Mehmet Ali Agca, who attempted to assassinate Pope John Paul II in 1981, putting the blame afterwards on the Bulgarian secret service, has now alleged that the Vatican government has masterminded the move.
"The Vatican government decided on the Pope's assassination," Agca told Turkey's state-run television in his first interview in his native country since his release.
"They planned and organised it. The order to shoot the Pope was given by Vatican secretary, Cardinal Agostino Casaroli."
Agca's accusation is just one of many he has made since he met a forgiving Pope John Paul II in 1983. Once he claimed a connection to a Palestinian group, but later blamed the Bulgarian secret service.
Mehmet Ali Agca was released from jail in Turkey at the beginning of the year and promptly proclaimed that he is "the Christ eternal".
Agca served 19 years in an Italian prison for shooting John Paul, and another 10 years in Turkey for the earlier murder of a Turkish newspaper editor. The pope met and forgave Agca in 1983 while the gunman was serving his sentence.
In 1981, John Paul II was shot and critically wounded in St Peter's Square by Agca, an expert gunman. Agca alleged he had been commissioned to do so by the Bulgarian secret service acting on the orders of the Soviet KGB, which feared the pontiff would encourage anti-communist revolt.

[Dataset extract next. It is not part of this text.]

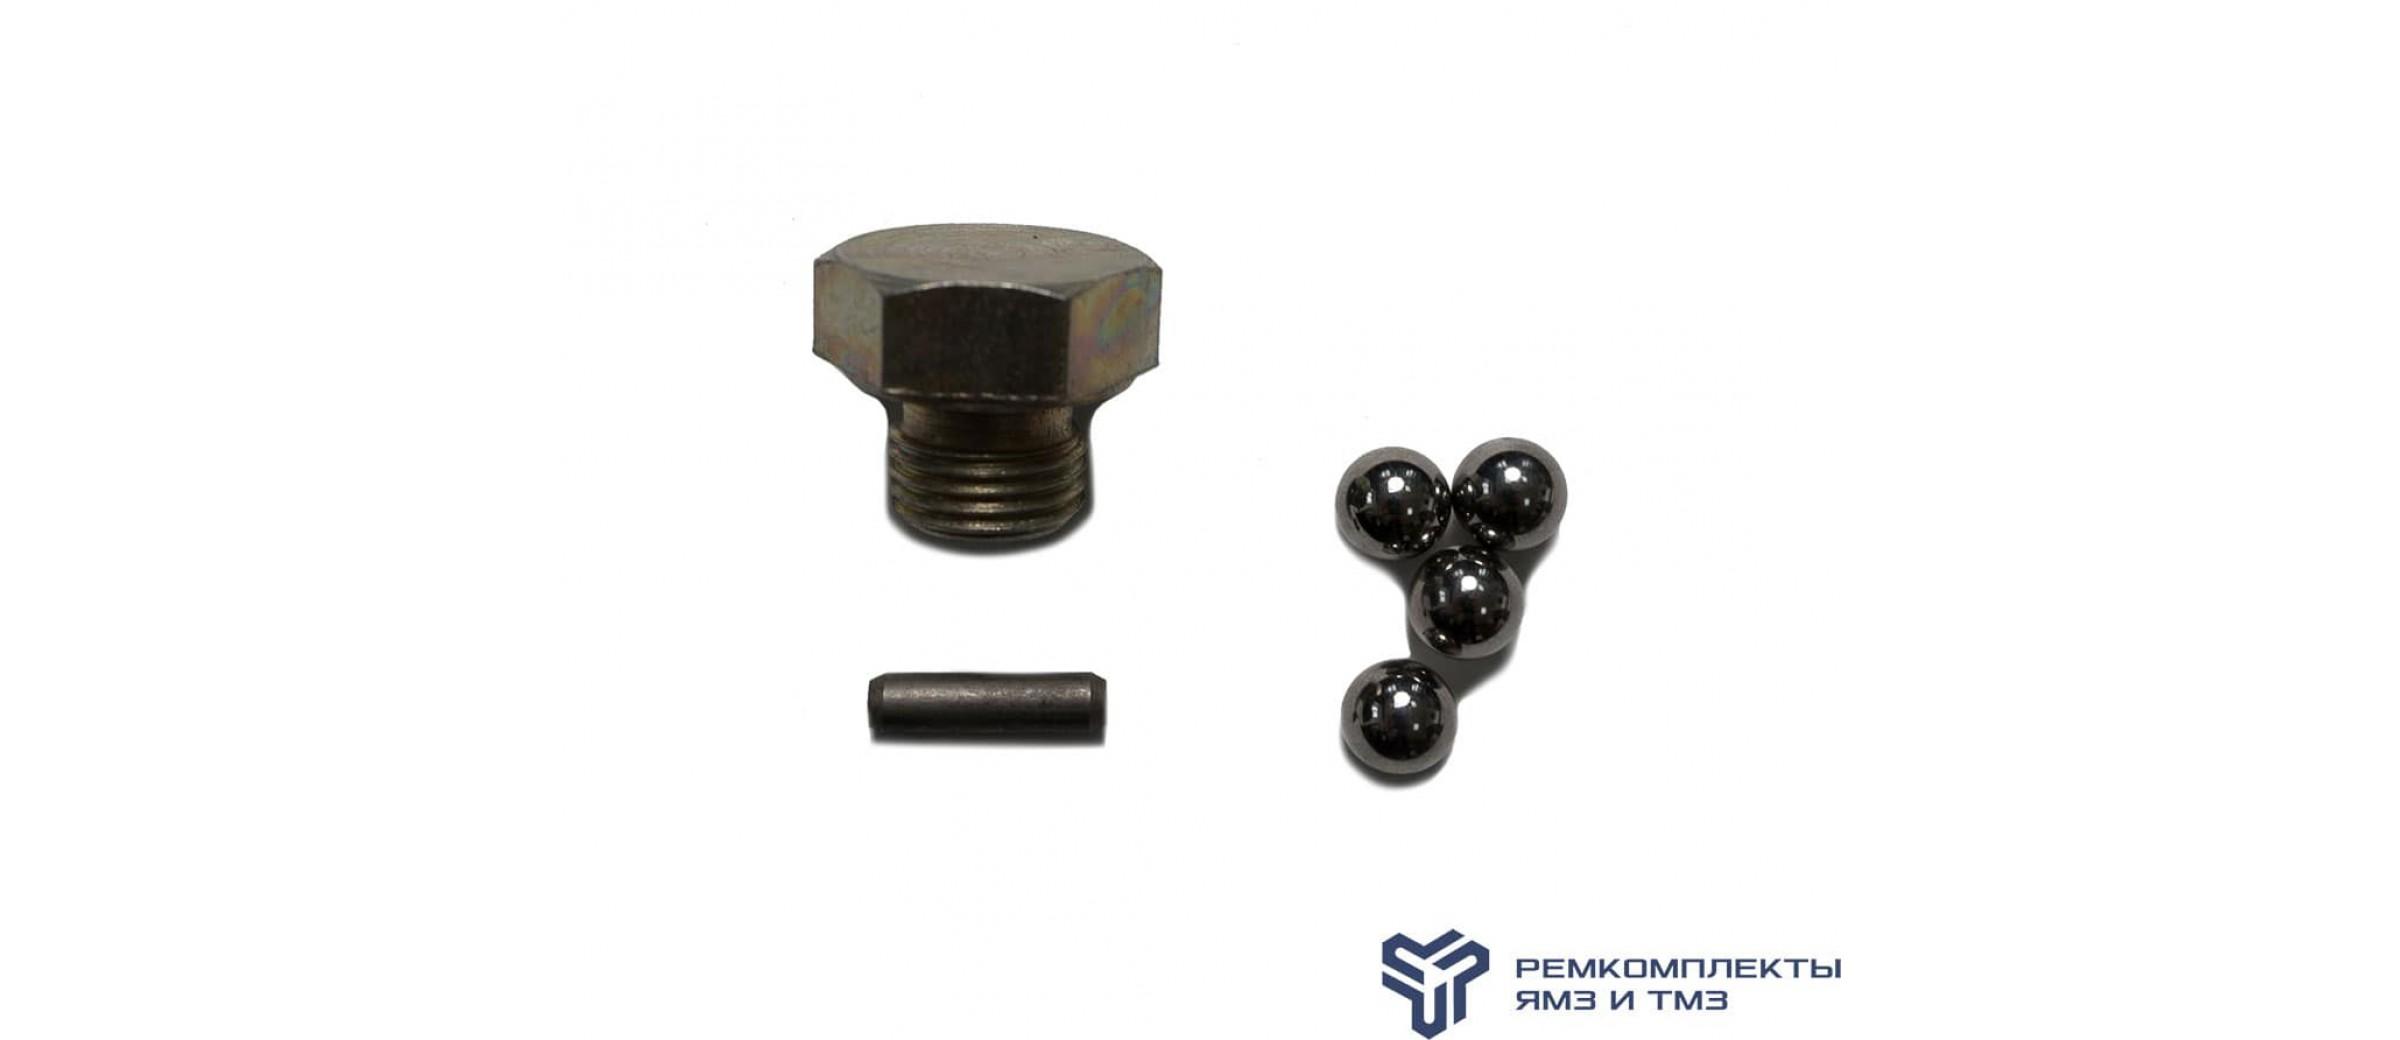 Ремкомплект замка штоков КПП-238 А,Б,ВМ,ВК

Three Turks and three Bulgarians charged with conspiring with Agca were acquitted by an Italian court for lack of evidence.
Calls for taking the Turkish gunman to court has been given a new boost in Bulgaria after his release in a bid to dismiss any suspicion of the country's involvement in the pope assassination attempt.
Bulgarian Sergei Antonov, who was arrested after the shooting and held for more than three years in Italy, was acquitted over lack of evidence. At the time of the arrest Antonov was 32 and worked as a former manager in the Rome office of Balkan Air.
Shattered and physically damaged, he returned to Bulgaria unable to carry on a conversation or concentrate on complex tasks, symptoms his friends say came from the use of psychotropic drugs in his interrogation.
Antonov died alone and forgotten in his small flat in Bulgaria and it was only after a couple of days that his body was found.
The series of rambling letters from prison, through which Agca has fed suggestions that he is mentally disturbed, prompting many in Bulgaria to see him as a sly liar, playing the fool, a dangerous megalomaniac.
Agca has received more than 50 offers from foreign publishers and movie-makers, eager to buy his story and has every chance to turn to a media star.
The Bulgarian connection, the Vatican or Mossad, the notorious Israeli intelligence - these all are possible topics in his new version of "the truth", many Bulgarians say.